For whitespace occurring outside the content of the token elements mi, mn, mo, ms, mtext, ci, cn and annotation, an mspace element should be used, as opposed to an mtext element containing only "whitespace" entities.

2.2 The Top-Level math Element

MathML specifies a single top-level or root math element, which encapsulates each instance of MathML markup within a document. All other MathML content must be contained in a math element; equivalently, every valid, complete MathML expression must be contained in <math> tags. The math element must always be the outermost element in a MathML expression; it is an error for one math element to contain another. These considerations also apply when sub-expressions are passed between applications, such as for cut-and-paste operations; See Section 6.3 Transferring MathML

The math element can contain an arbitrary number of children schemata. The children schemata render by default as if they were contained in an mrow element.

2.2.1 Attributes

In addition to the attributes specified in Section 2.1.6 Attributes Shared by all MathML Elements, the math element accepts:

Name values default
display block | inline inline
specifies whether the enclosed MathML expression should be rendered as a separate vertical block (in display style) or inline, aligned with adjacent text. When display="block", displaystyle is initialized to "true", whereas display="block" initializes it to "false"; in both cases scriptlevel is initialized to 0. When this attribute is missing, a rendering agent is free to initialize the state as appropriate to the context. See Section 3.1.6 Displaystyle and Scriptlevel.
dir ltr | rtl ltr
specifies the overall directionality ltr (Left To Right) or rtl (Right To Left) of layout. See Section 3.1.5 Directionality for further discussion.
maxwidth length available width
specifies the maximum width to be used for linebreaking. The default is the maximum width available in the surrounding environment. If that value cannot be determined, the renderer should assume an infinite rendering width.
overflow linebreak | scroll | elide | truncate | scale linebreak
specifies the preferred handing in cases where an expression is too long to fit in the allowed width. See the discussion below.
altimg URI none
provides a URI referring to an image to display as a fall-back for user agents that do not support embedded MathML.
altimg-width length width of altimg
specifies the width to display altimg, scaling the image if necessary; See altimg-height.
altimg-height length height of altimg
specifies the height to display altimg, scaling the image if necessary; if only one of the attributes altimg-width and altimg-height are given, the scaling should preserve the image's aspect ratio; if neither attribute is given, the image should be shown at its natural size.
altimg-valign length 0ex
specifies the vertical alignment of the image. A positive value of valign shifts the bottom of the image below the current baseline, while a negative value raises it above. By default, the bottom of the image aligns to the baseline.
alttext string none
provides a textual alternative as a fall-back for user agents that do not support embedded MathML or images.
cdgroup URI none
The URI specifies a CD group file that acts as a catalogue of CD bases for locating OpenMath content dictionaries of csymbol, annotation, and annotation-xml elements in this math element; see Section 4.2.3 Content Symbols <csymbol>. When no cdgroup attribute is explicitly specified, the document format embedding this math element may provide a method for determing CD bases. Otherwise the system must determine a CD base, in the absense of specific information http://www.openmath.org/cd is assumed as the CD base for all csymbol elements annotation, and annotation-xml. This is the CD base for the collection of standard CDs maintained by the OpenMath Society.

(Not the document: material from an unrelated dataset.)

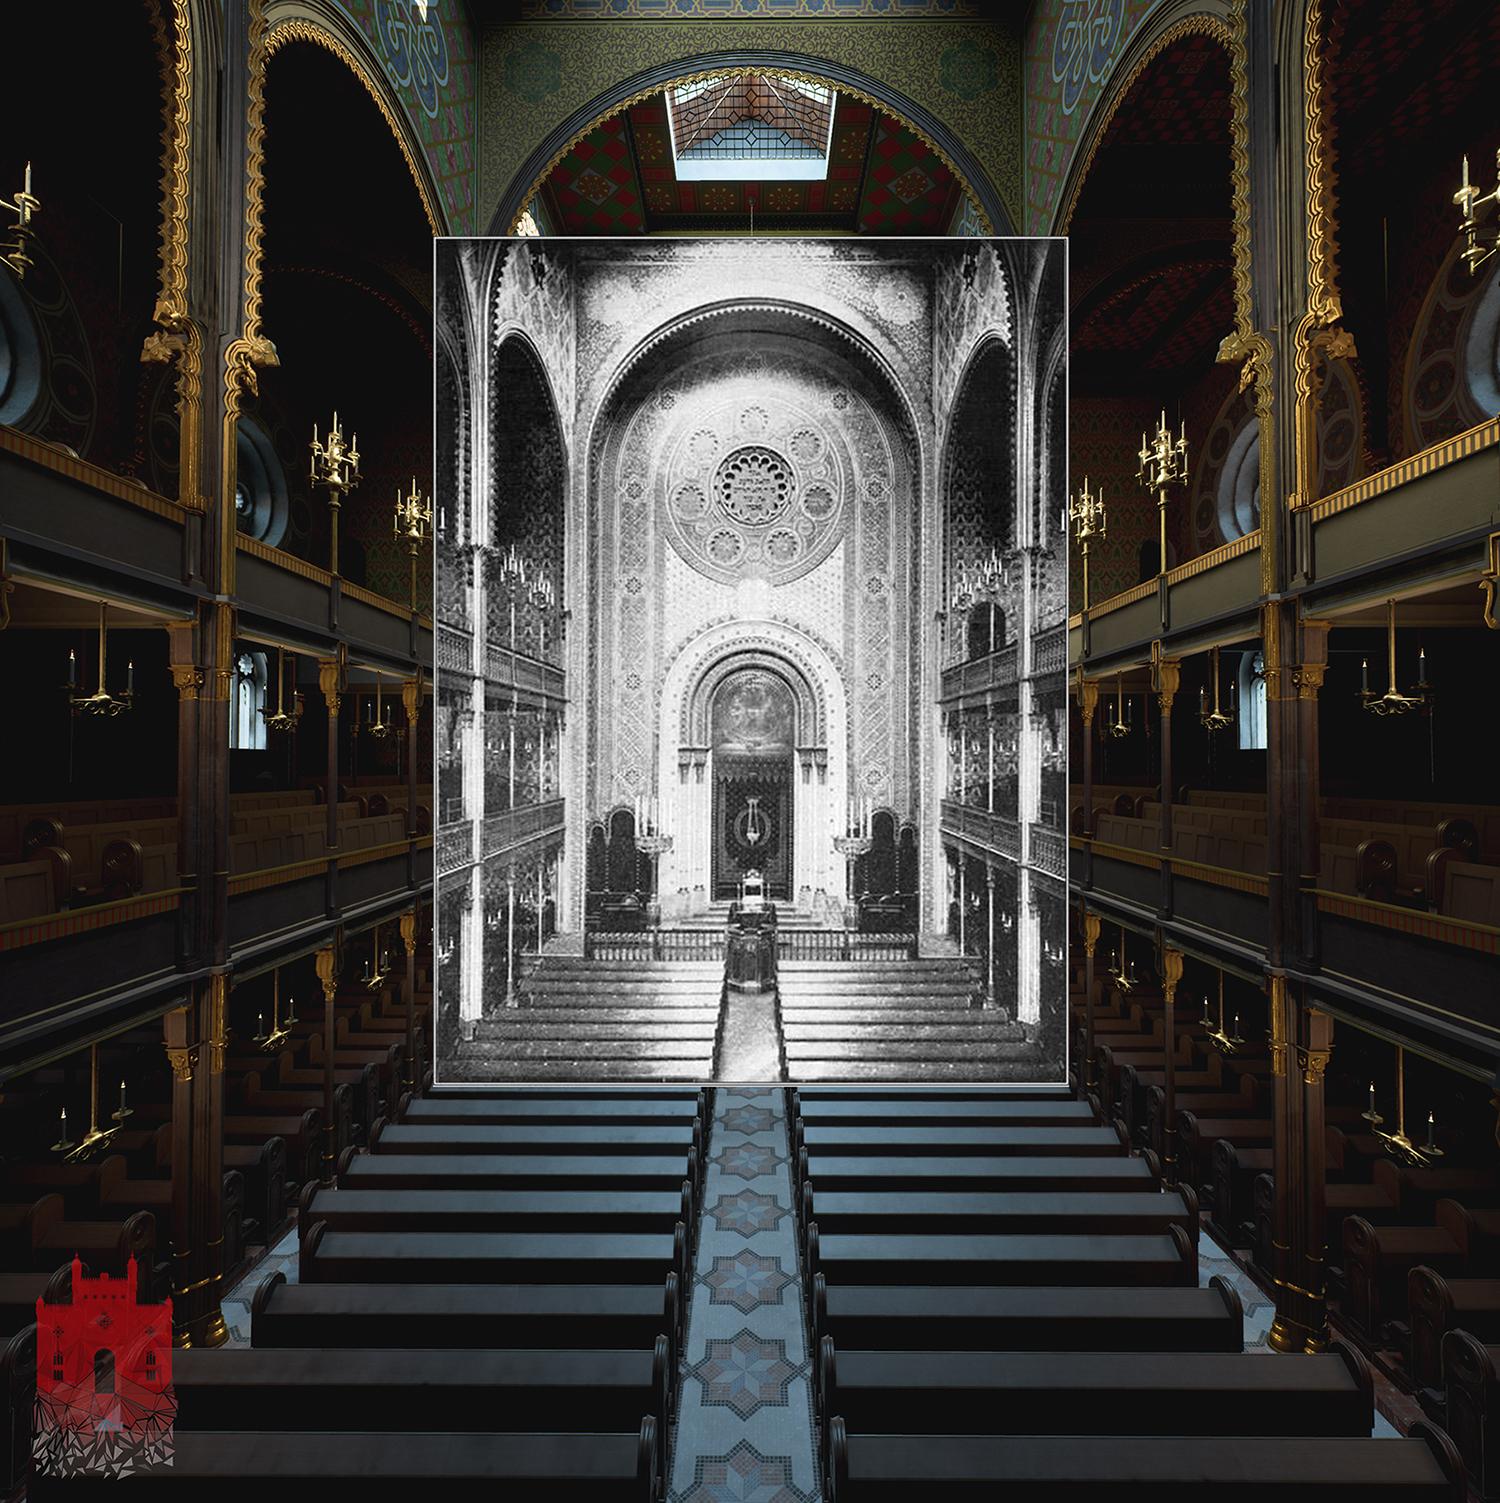 Eine Einfügung eines Originalfotos in die Echtzeitvisualisierung in der Unreal Engine

In cases where size negotiation is not possible or fails (for example in the case of an expression that is too long to fit in the allowed width), the overflow attribute is provided to suggest a processing method to the renderer. Allowed values are:

Value Meaning
linebreak The expression will be broken across several lines. See Section 3.1.7 Linebreaking of Expressions for further discussion.
scroll The window provides a viewport into the larger complete display of the mathematical expression. Horizontal or vertical scrollbars are added to the window as necessary to allow the viewport to be moved to a different position.
elide The display is abbreviated by removing enough of it so that the remainder fits into the window. For example, a large polynomial might have the first and last terms displayed with "+ ... +" between them. Advanced renderers may provide a facility to zoom in on elided areas.
truncate The display is abbreviated by simply truncating it at the right and bottom borders. It is recommended that some indication of truncation is made to the viewer.
scale The fonts used to display the mathematical expression are chosen so that the full expression fits in the window. Note that this only happens if the expression is too large. In the case of a window larger than necessary, the expression is shown at its normal size within the larger window.

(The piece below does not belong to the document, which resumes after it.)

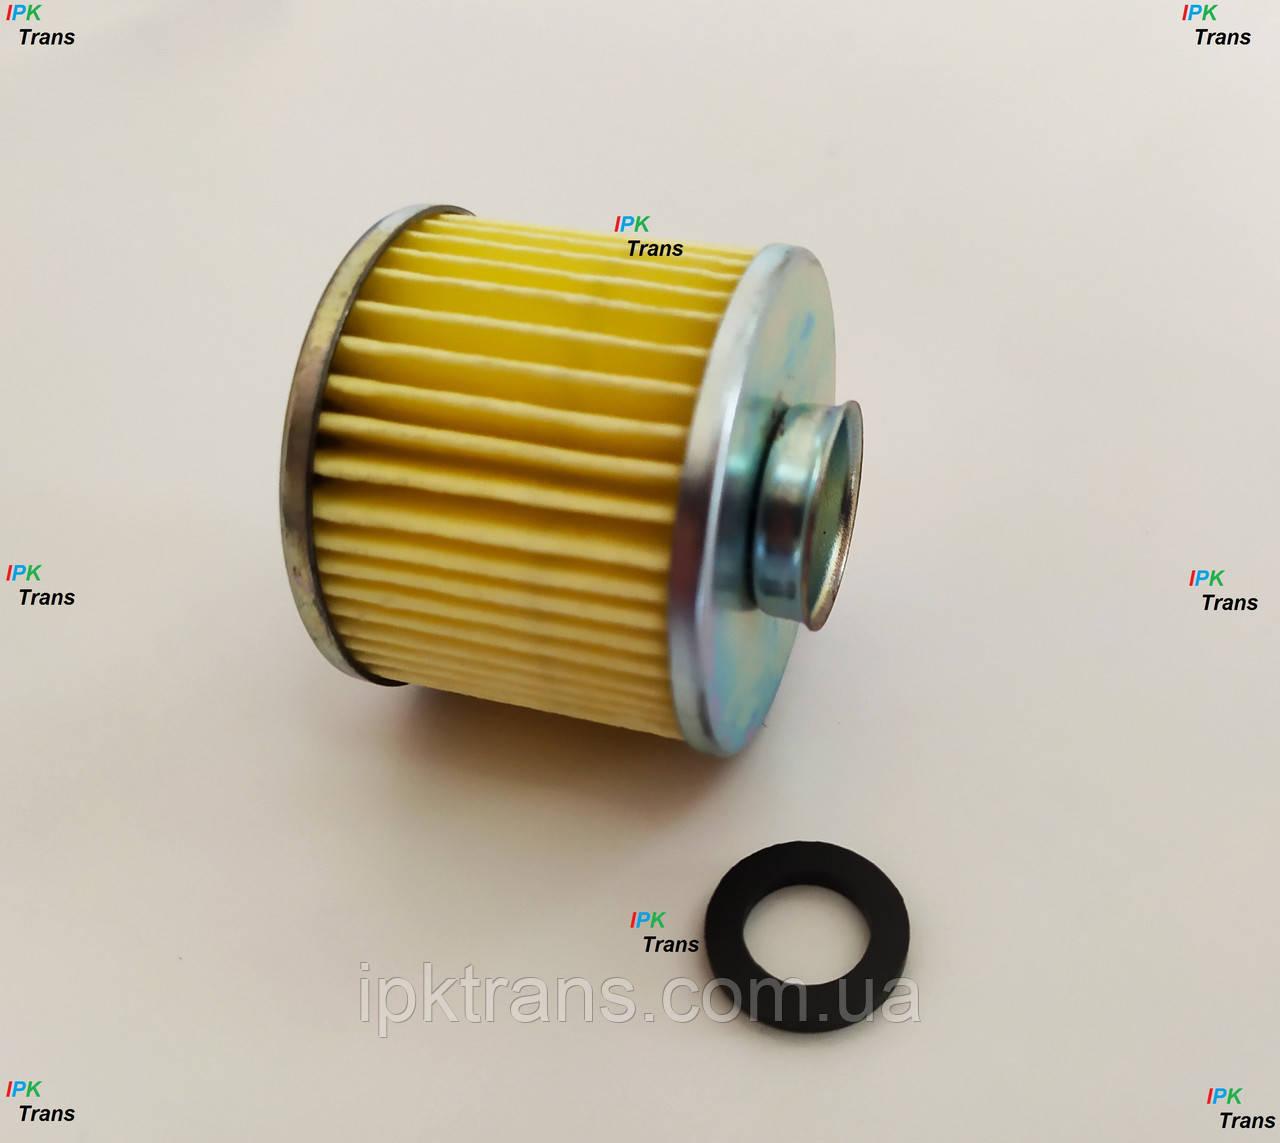 Фильтр топливный для погрузчика KOMATSU FG25

2.2.2 Deprecated Attributes

The following attributes of math are deprecated

Name values default
macros URI * none
intended to provide a way of pointing to external macro definition files. Macros are not part of the MathML specification, and much of the desired functionality can be accommodated by XSL transformations [XSLT].
mode display | inline inline
specified whether the enclosed MathML expression should be rendered in a display style or an in-line style. This attribute is deprecated in favor of the display attribute.

2.3 Conformance

Information is nowadays commonly generated, processed and rendered by software tools. The exponential growth of the Web is fueling the development of advanced systems for automatically searching, categorizing, and interconnecting information. In addition, there are increasing numbers of Web services, some of which offer technically based materials and activities. Thus, although MathML can be written by hand and read by humans, whether machine-aided or just with much concentration, the future of MathML is largely tied to the ability to process it with software tools.

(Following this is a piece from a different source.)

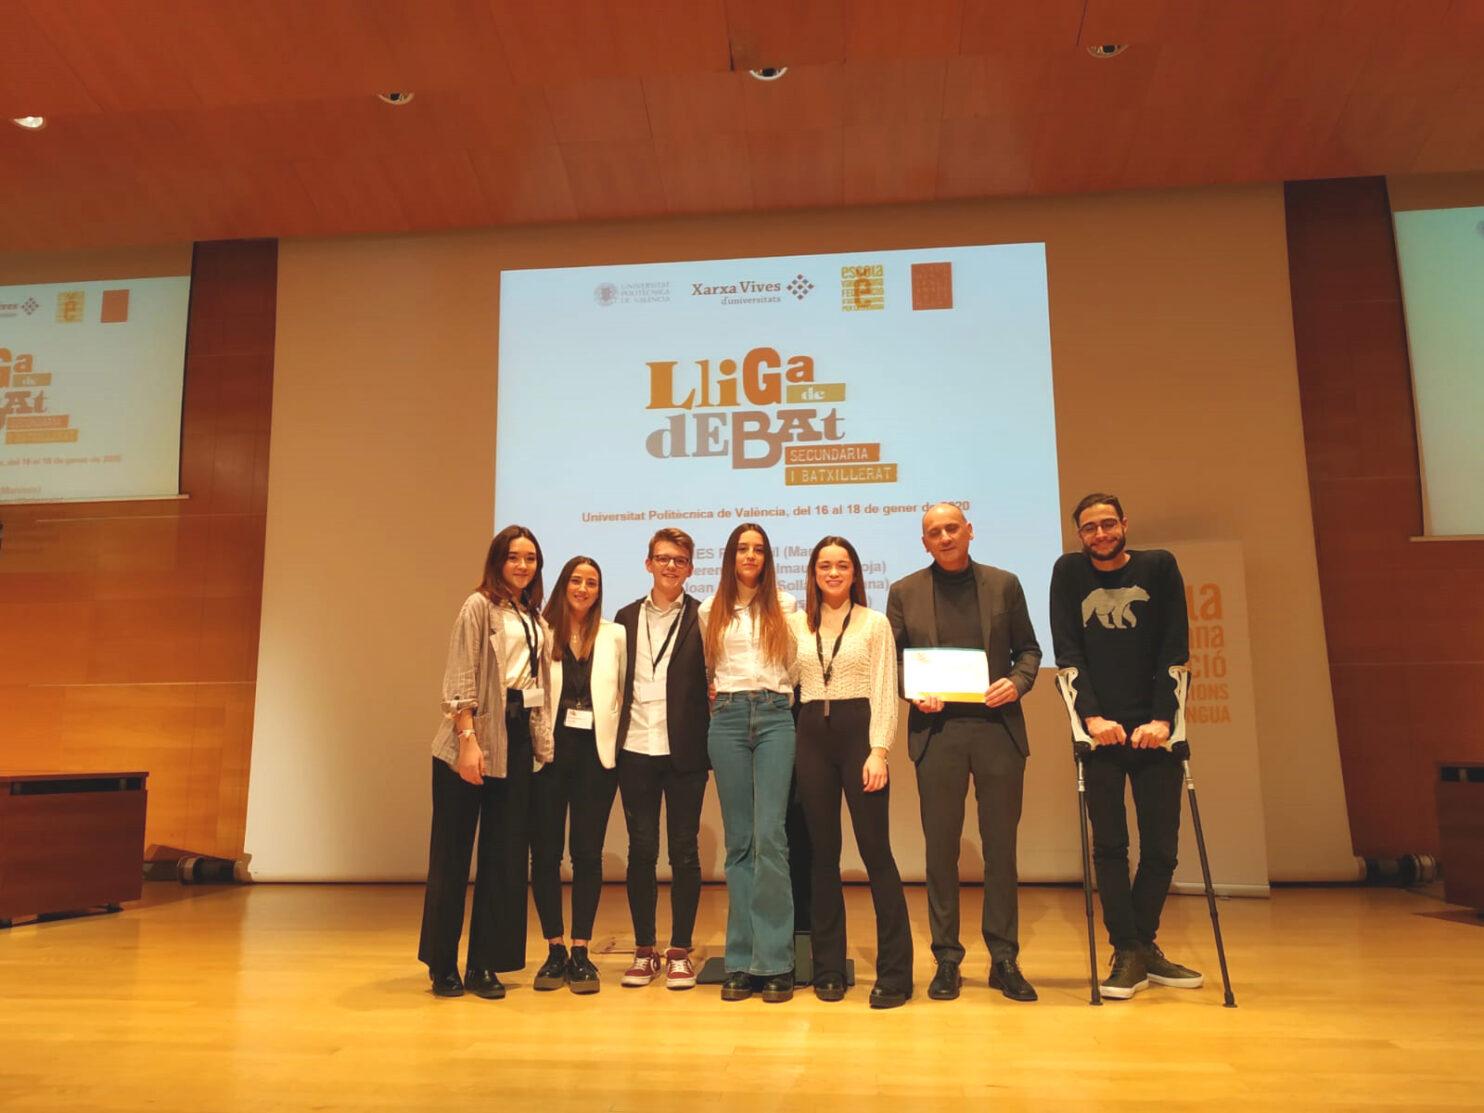 Equip campió fase local UPV. Lliga de Debat de Secundària i Batxillerat

There are many different kinds of MathML processors: editors for authoring MathML expressions, translators for converting to and from other encodings, validators for checking MathML expressions, computation engines that evaluate, manipulate or compare MathML expressions, and rendering engines that produce visual, aural or tactile representations of mathematical notation. What it means to support MathML varies widely between applications. For example, the issues that arise with a validating parser are very different from those for an equation editor.

In this section, guidelines are given for describing different types of MathML support, and for making clear the extent of MathML support in a given application. Developers, users and reviewers are encouraged to use these guidelines in characterizing products. The intention behind these guidelines is to facilitate reuse by and interoperability of MathML applications by accurately setting out their capabilities in quantifiable terms.

The W3C Math Working Group maintains MathML Compliance Guidelines. Consult this document for future updates on conformance activities and resources.

Editorial note: P. Ion  
The Compliance Guidelines mentioned above is still that for MathML2 and requires updating.

2.3.1 MathML Conformance

A valid MathML expression is an XML construct determined by the MathML Relax_NG Schema together with the additional requirements given in this specification.

We shall use the phrase "a MathML processor" to mean any application that can accept, produce, or "roundtrip" a valid MathML expression. Perhaps the simplest example of an application that might round-trip a MathML expression might be an editor that writes a new file even though no modifications are made.

Three forms of MathML conformance are specified:

  1. A MathML-input-conformant processor must accept all valid MathML expressions, and faithfully translate all MathML expressions into application-specific form allowing native application operations to be performed.

  2. A MathML-output-conformant processor must generate valid MathML, faithfully representing all application-specific data.

  3. A MathML-roundtrip-conformant processor must preserve MathML equivalence. Two MathML expressions are "equivalent" if and only if both expressions have the same interpretation (as stated by the MathML Schema and specification) under any circumstances, by any MathML processor. Equivalence on an element-by-element basis is discussed elsewhere in this document.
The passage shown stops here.